The summer of 2014 was envisaged to be the time when the club’s position would be strengthened. The revenue from the new deal with the Emirates naming rights came on stream, so too the £170m five-year Puma kit deal. At the same time as Arsenal’s profitable model generated money, so they hoped that the Uefa Financial Fair Play rules would restrict the traditional high-spenders, like Chelsea and Manchester City.

More than £70m was spent in the summer on Sanchez, Danny Welbeck, Calum Chambers, Mathieu Debuchy and David Ospina, with very little recouped beyond that of Thomas Vermaelen’s fee. Arsenal are entitled to say that they were playing catch-up with some of their wealthier rivals but almost three years on from Van Persie’s sale they are contemplating a fifth consecutive exit in the round of 16.

Overlooked in Jose Mourinho’s Goals on Sunday performance was his withering assessment of Arsenal’s season. “Arsenal? I don’t understand why they are not with Man City,” he said. “Every manager in the world would love to have the stability he [Wenger] has year after year with a chance to buy, to sell, to rebuild, to wait for success... and wait and wait. I think he has a dream job.”

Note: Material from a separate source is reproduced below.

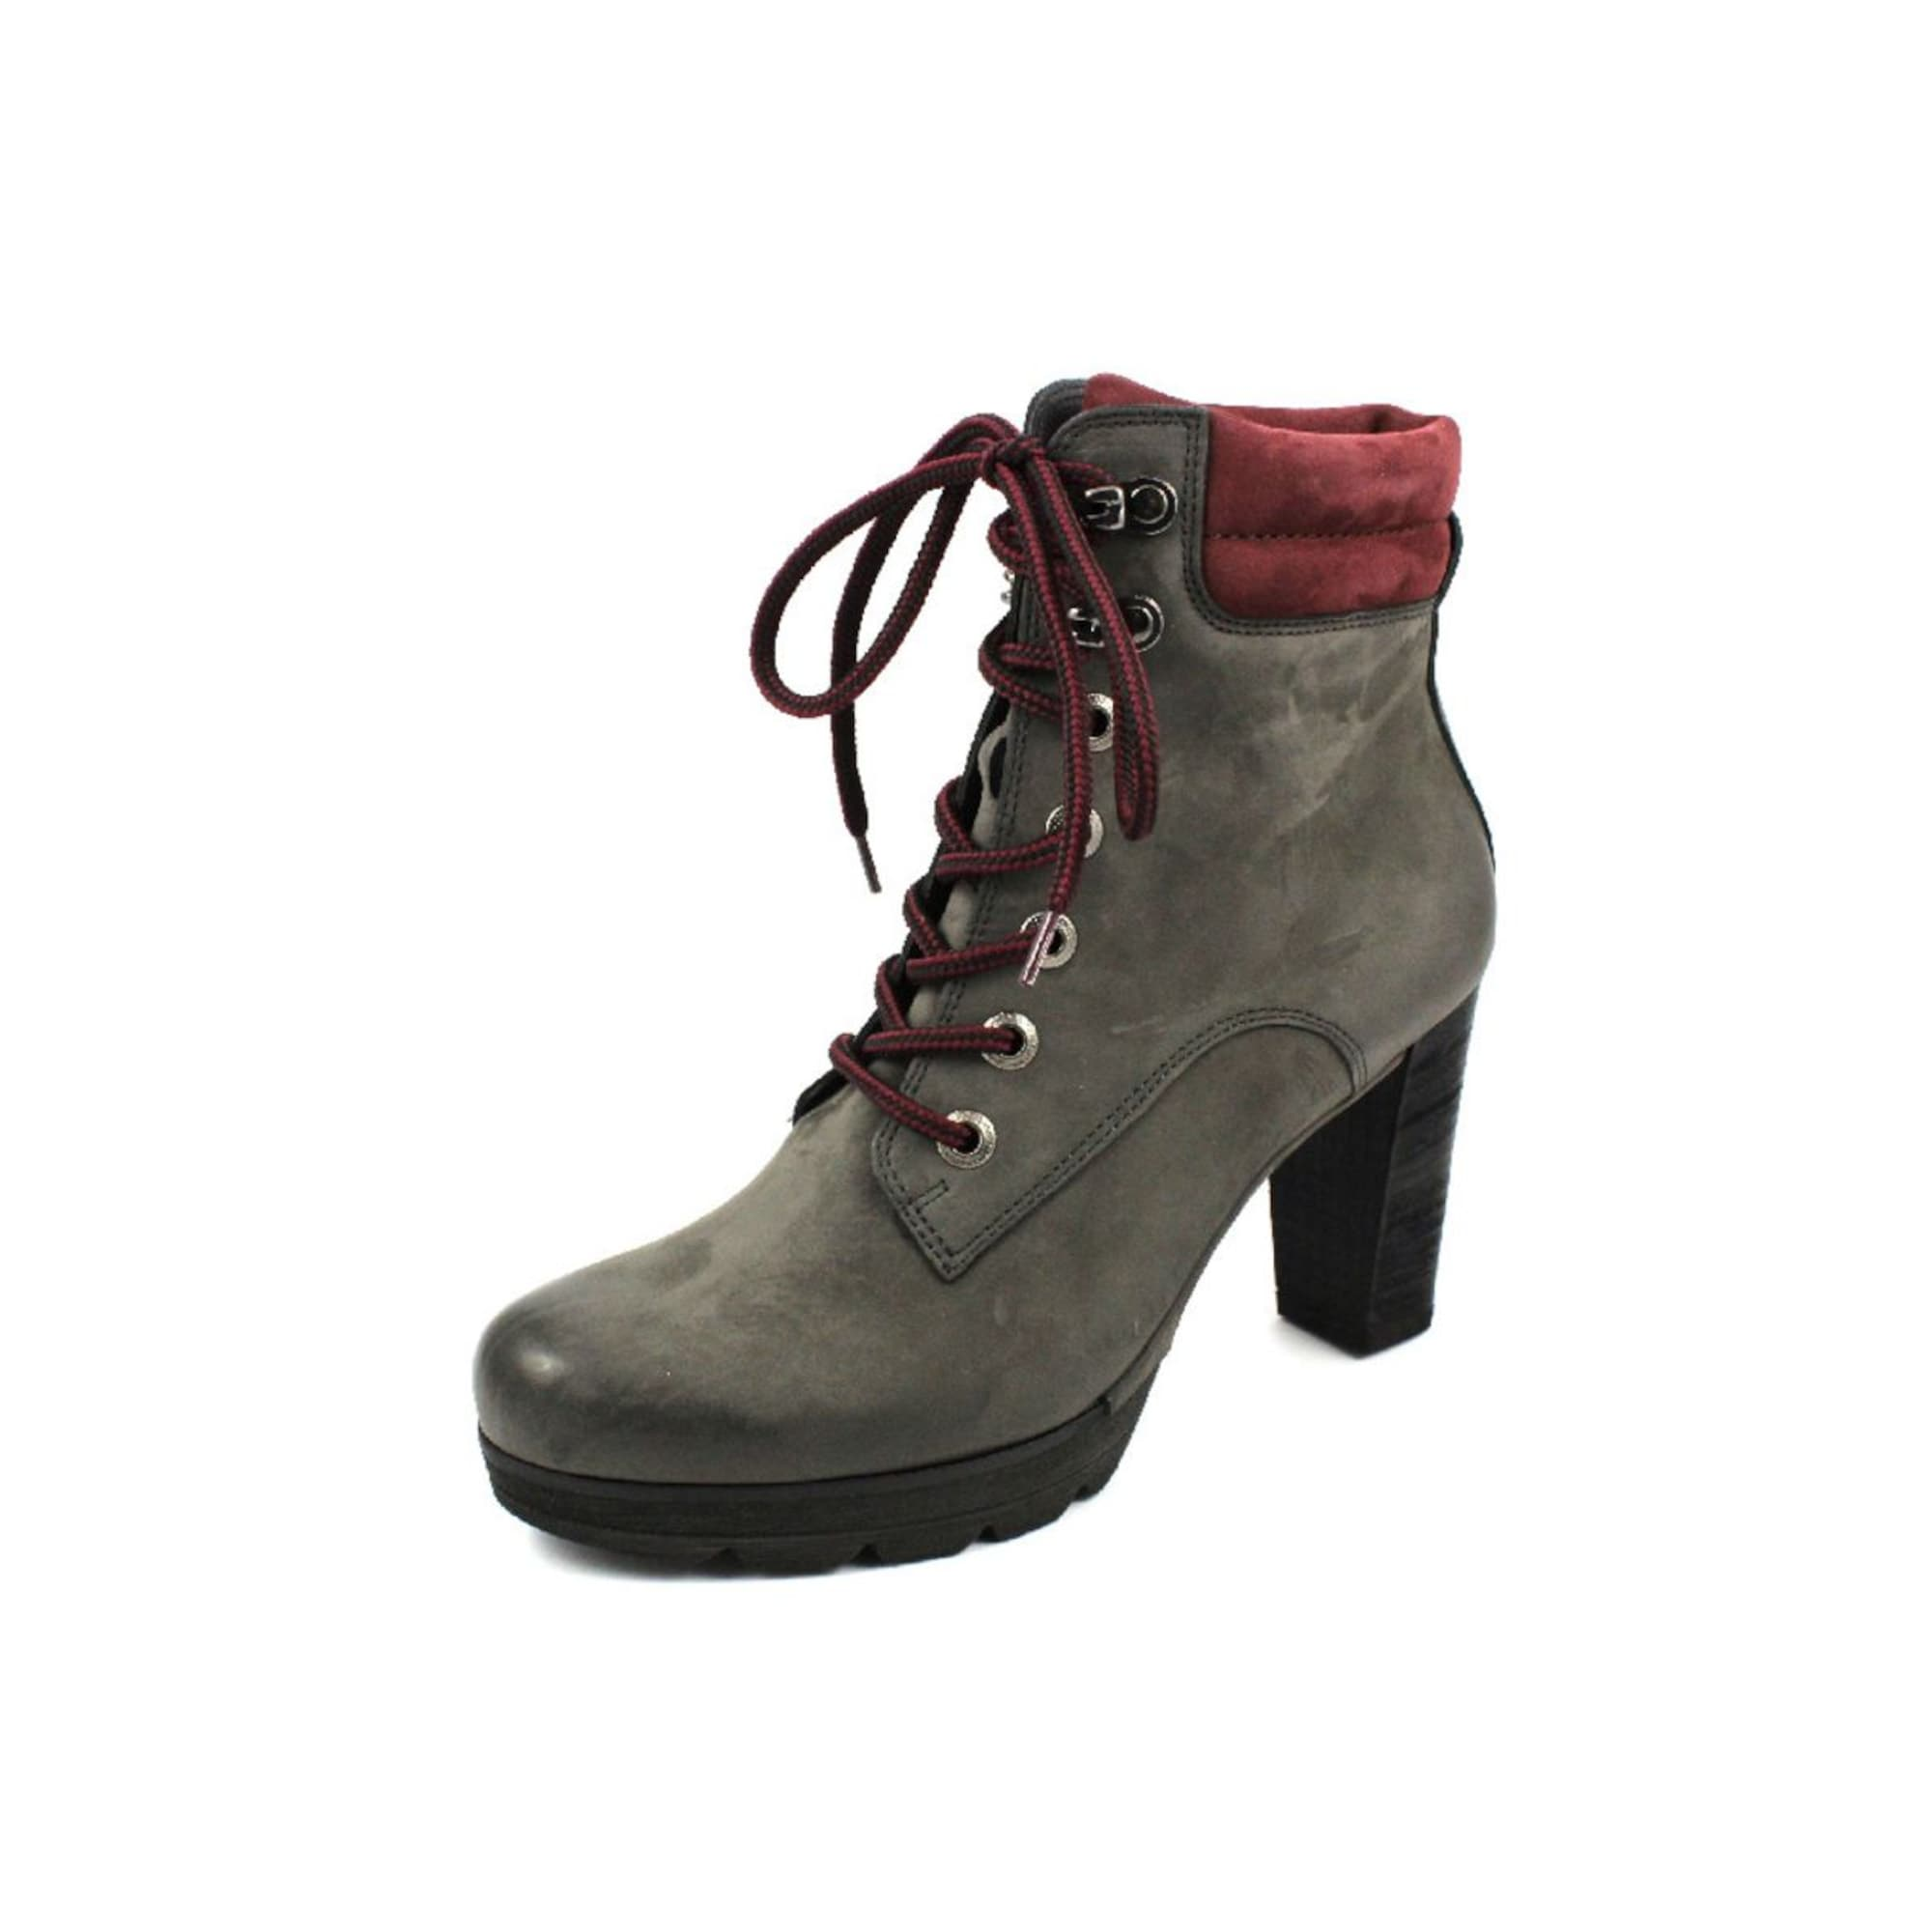 Stiefel | Schuhe > Stiefel > Sonstige Stiefel | Paul Green

The barb was obvious and it would be unfair on Wenger to compare the challenge he has faced over the last 10 years to those Mourinho has encountered. But at Arsenal now the expectation is different to what it might have been five years ago, when Chelsea were able to strengthen at will. Now they are forced to trade more strategically as the sale of players like Juan Mata and André Schürrle have demonstrated.

Having agreed that new three-year contract with Wenger in the summer, the club permitted no margin for doubt that they saw him as the man to take them into a new era when there would be fewer restrictions on their spending and more on their rivals. A one-year deal, or even two, might have seemed like they were hedging their bets, but three years was a strong endorsement.

As Monaco escaped on the counter-attack for their third goal, a sinking feeling suffused the Emirates. Third in the league and in the FA Cup quarter-finals, it was a long way from mutiny. They are not even out of the Champions League yet, but on Wednesday night the story looked uncomfortably familiar.